We hebben een methode ontwikkeld om adeninenucleotidebinding in real time te meten aan intacte membraaneiwitten. Onze methode bouwt voort op verschillende andere gevestigde technieken, waaronder het labelen van eiwitten met ANAP met behulp van amber stop codononderdrukking 12, celontsluiting 14 en spanningsklemfluorometrie / PCF 19,20,21,22,23,24,25 . De synthese van deze benaderingen maakt het mogelijk om nucleotidebinding met hoge ruimtelijke en temporele resolutie te meten. Inderdaad, in ons vorige werk waren we in staat om onderscheid te maken tussen verschillende bindingsplaatsen op hetzelfde eiwitcomplex met behulp van deze benadering10,11. Belangrijk is dat deze techniek direct kan worden toegepast op kleine hoeveelheden eiwit in een cellulaire omgeving onder omstandigheden die de eiwitfunctie behouden. Door onze bindingsmethode te gebruiken in combinatie met directe, elektrofysiologische uitlezing van ionkanaalstromen kunnen we rijke inzichten verkrijgen in de moleculaire onderbouwing van channel gating11.

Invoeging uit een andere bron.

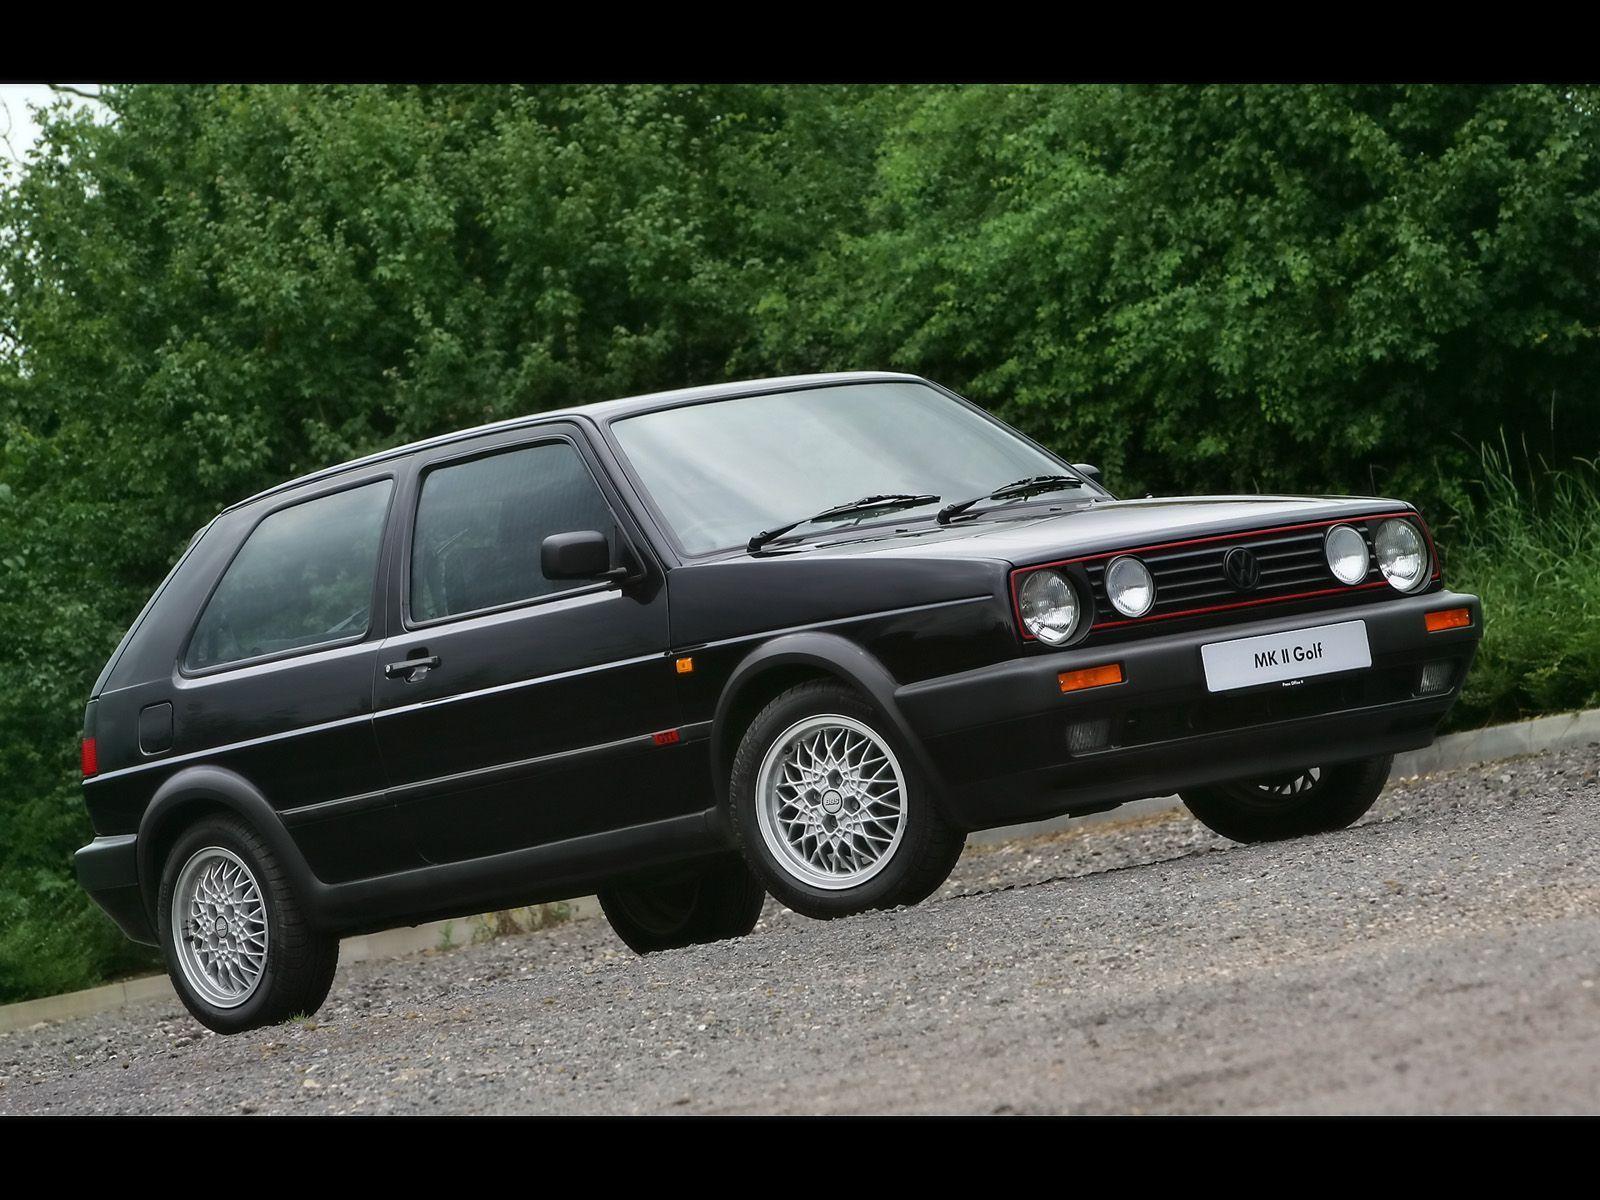 Volkswagen Golf GTI History 1984 1992 Mk II 1600x1200

Omdat spectrometers een niet-standaard laboratoriumapparaat zijn, kan de ANAP-intensiteit ook in relatieve isolatie worden bewaakt met behulp van banddoorlaatfilters. Figuur 5B toont de spectrale eigenschappen van twee van dergelijke filters. Het 470/10 nm band-pass filter schermt effectief het fluorescentiesignaal van TNP-ATP af en overlapt goed met de piek ANAP-fluorescentie. De piektransmissie van dit filter is echter slechts ongeveer 50%, wat het moeilijk kan maken om goede signalen te verkrijgen van dimmembranen (of in weggesneden membraanvlekken onder spanningsklem). Een andere optie is een 460/60 nm band-pass filter. Er is iets meer overlap tussen het 460/60 nm filter en de voet van de TNP-ATP emissiepiek in vergelijking met het 470/10 nm filter. De 460/60 nm-bandpas heeft echter een transmissie van 90-95% over een breed bereik van de ANAP-piek, waarvan zou worden verwacht dat het het fluorescentie-emissiesignaal zal versterken.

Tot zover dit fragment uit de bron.